A few people here tried the Goliath-120B model I released a while back, and looks like TheBloke has released the quantized versions now. So far, the reception has been largely positive.
https://huggingface.co/TheBloke/goliath-120b-GPTQ
https://huggingface.co/TheBloke/goliath-120b-GGUF
https://huggingface.co/TheBloke/goliath-120b-AWQ
The fact that the model turned out good is completely unexpected. Every LM researcher I've spoken to about this in the past few days has been completely baffled. The plan moving forward, in my opinion, is to finetune this model (preferably a full finetune) so that the stitched layers get to know each other better. Hopefully I can find the compute to do that soon :D
On a related note, I've been working on LLM-Shearing lately, which would essentially enable us to shear down a transformer down to much smaller sizes, while preserving accuracy. The reason goliath-120b came to be was an experiment in moving at the opposite direction of shearing. I'm now wondering if we can shear a finetuned Goliath-120B to around ~70B again and end up with a much better 70B model than the existing ones. This would of course be prohibitively expensive, as we'd need to do continued pre-train after the shearing/pruning process. A more likely approach, I believe, is shearing Mistral-7B to ~1.3B and perform continued pretrain on about 100B tokens.

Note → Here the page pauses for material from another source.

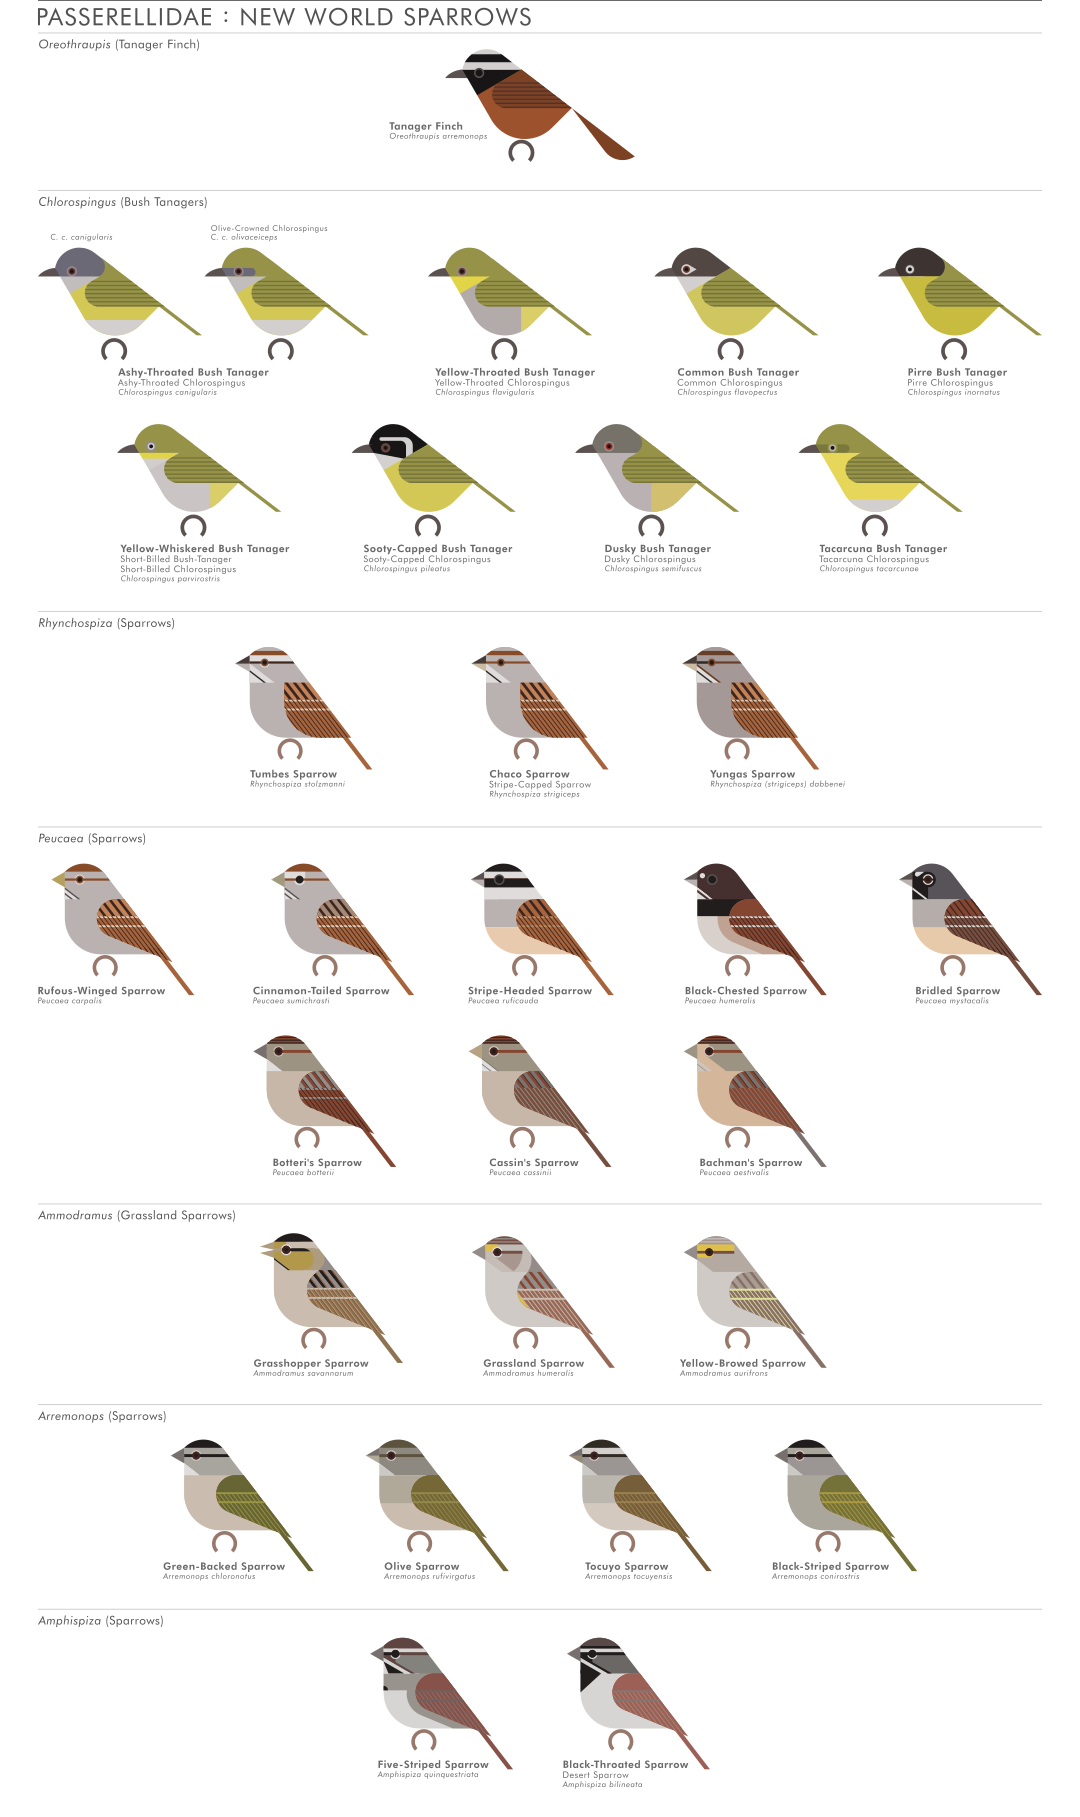 scott partridge - AVE - avian vector encyclopedia - new world sparrows - bird vector art

If anyone has suggestions, please let me know. Cheers!
This is highly interesting and unintuitive. Have you written down the details of your approach anywhere? Why did you interleave in the manner you did?
Have you tested on GSM8K or DROP? Something I noticed in the recent HFLB update is that a lot of high flying Mistral merges scored poorly on those two benchmarks. DROP scores in particular, plummeted.
As I mentioned here, it'd perform poorly on benchmarks until it's went through a few steps of full finetuning so the weight disagreement is ironed out.